[Form 4] Ralliant Corp Insider Trading Activity
Rhea-AI Filing Summary
Ralliant Corp (RAL) Form 4 summary: Tamara S. Newcombe, President and CEO and a director, reported an acquisition on 09/23/2025 of 13.3 notional shares credited to the Executive Deferred Incentive Program - Ralliant Stock Fund. These notional shares are dividend accruals on phantom shares that settle one-for-one into Ralliant common stock; the filing shows a per-share reference price of $44.06. After this transaction the report lists 11,740.7 shares beneficially owned directly. The filing explains vesting rules for voluntary contributions and employer contributions under the EDIP and notes conversion of prior Fortive EDIP accruals into Ralliant's plan.
Positive
- None.
Negative
- None.
Insights
TL;DR: Routine insider acquisition via deferred compensation; governance disclosure is clear and standard.
The filing documents a small, administrative acquisition of notional shares under the company's Executive Deferred Incentive Program. The transaction is described as a dividend accrual on phantom shares that convert one-for-one into common stock. Vesting mechanics are disclosed, including immediate vesting of voluntary contributions and time-based vesting for employer contributions. No sale or transfer occurred, and the reported beneficial ownership of 11,740.7 shares appears consistent with ongoing executive compensation treatment.

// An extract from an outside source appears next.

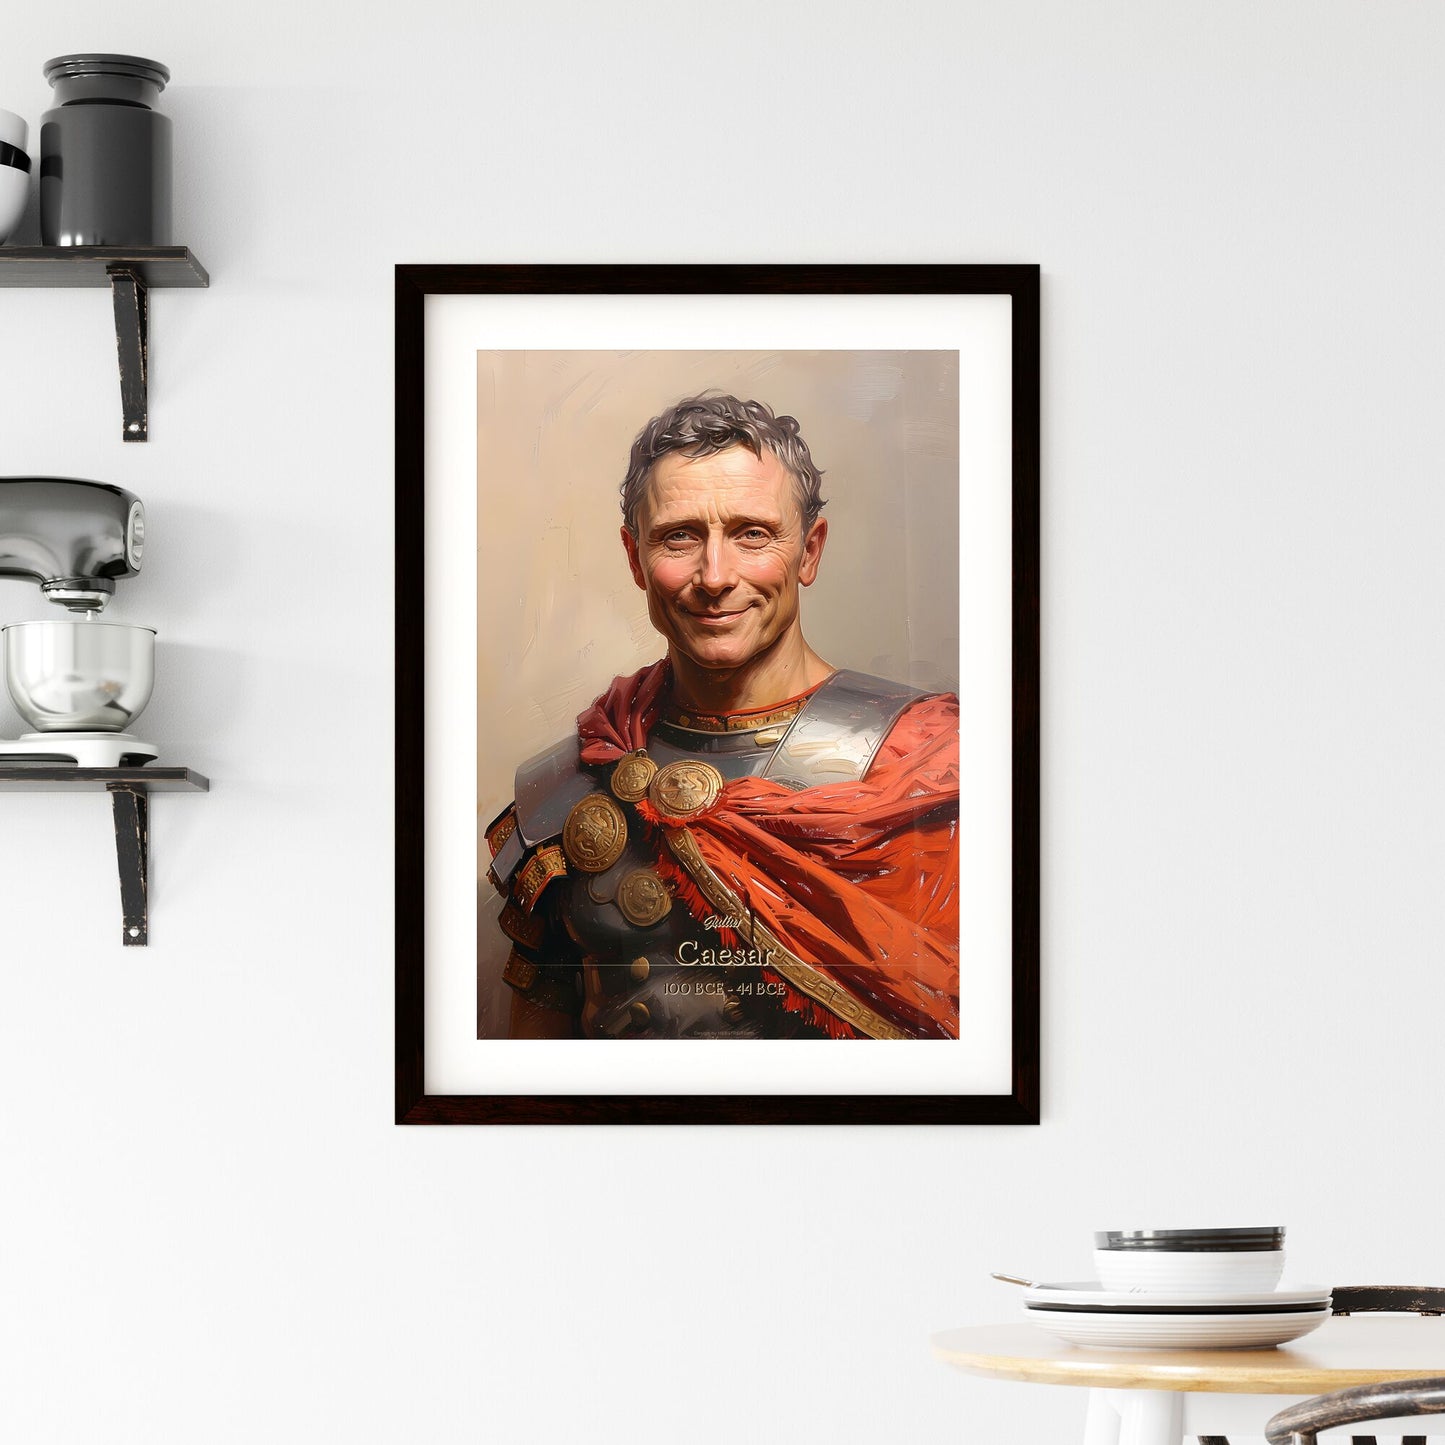 Julius, Caesar, 100 BCE - 44 BCE, A Poster of a man in armor with red cape Default Title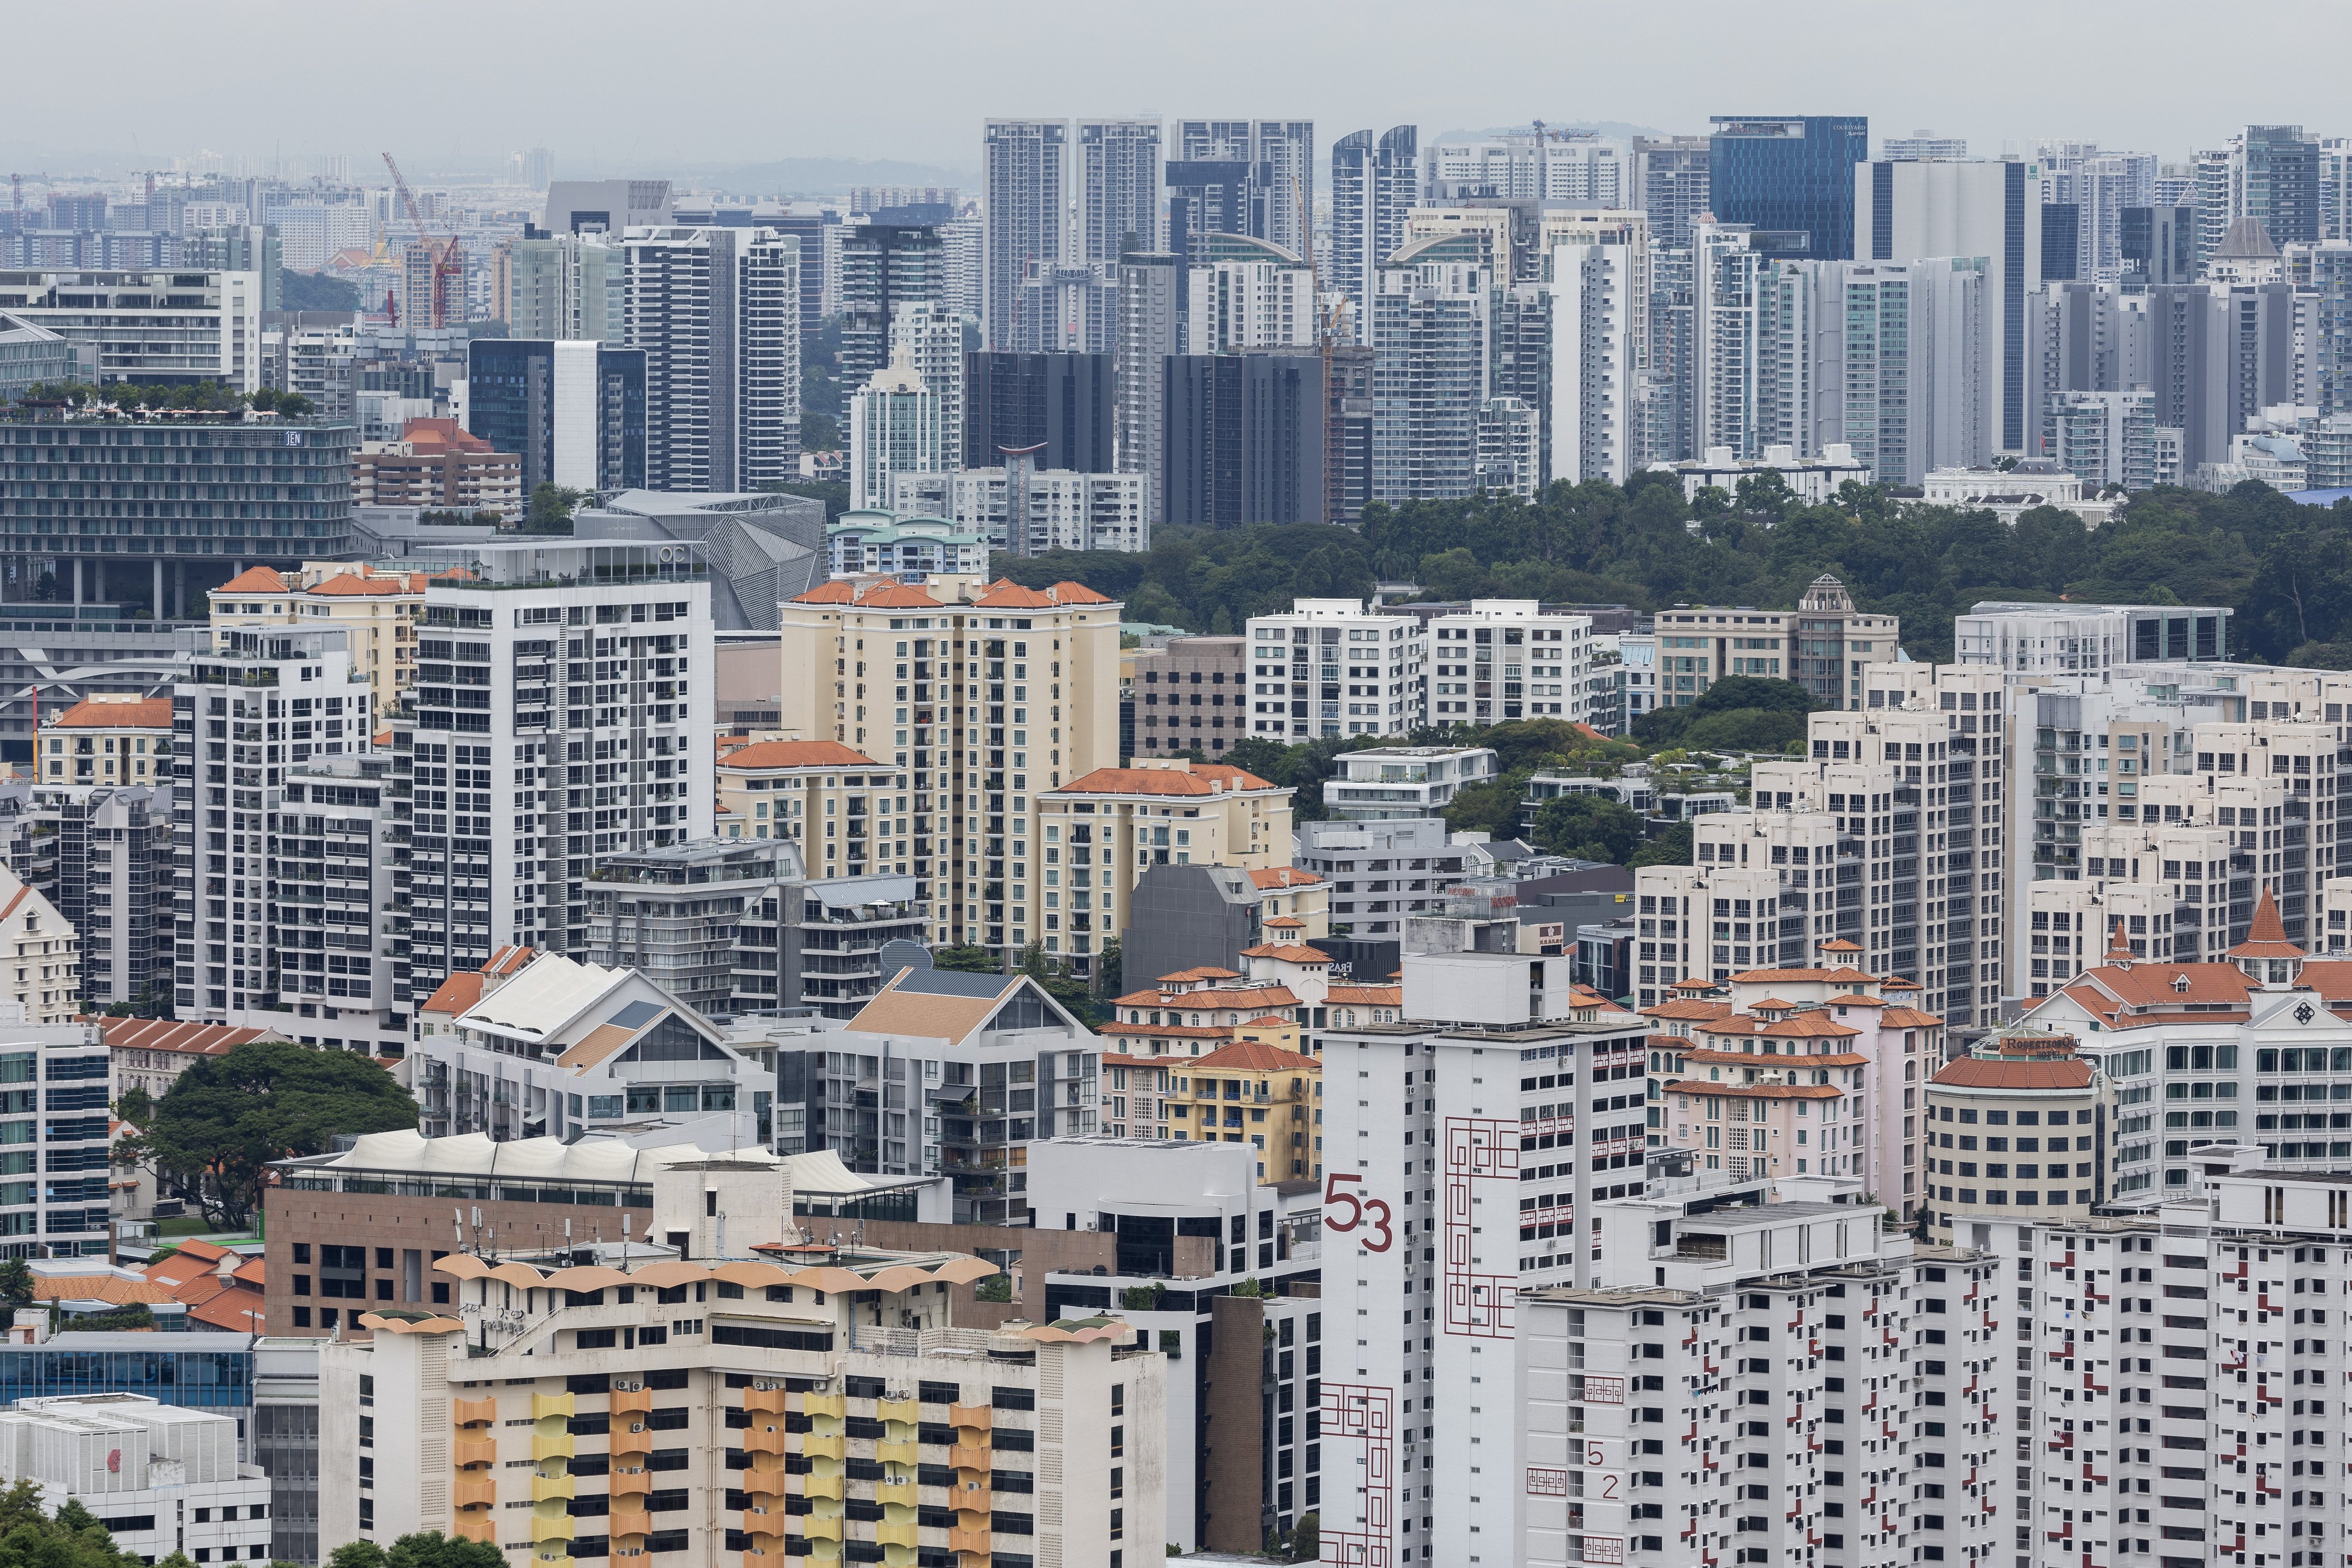 Residential properties in Singapore. Police said at least 77 victims had been asked to meet up with the fake property agents’ “personal assistants”, who would help facilitate the property viewing, before being pressured into making payments. Photo: EPA-EFE

TL;DR: Compensation-related crediting event, not a market trade; impacts equity compensation accounting but not immediate liquidity.
This Form 4 reports a notional dividend accrual credited to the EDIP Stock Fund and treated as an acquisition for Section 16 purposes. The filing confirms phantom shares settle one-to-one into common stock and cites a reference price of $44.06 for the accrual calculation. The conversion of prior Fortive EDIP accruals is disclosed, indicating plan continuity after separation. The item is material for equity dilution tracking but is not a cash transaction or market sale by the insider.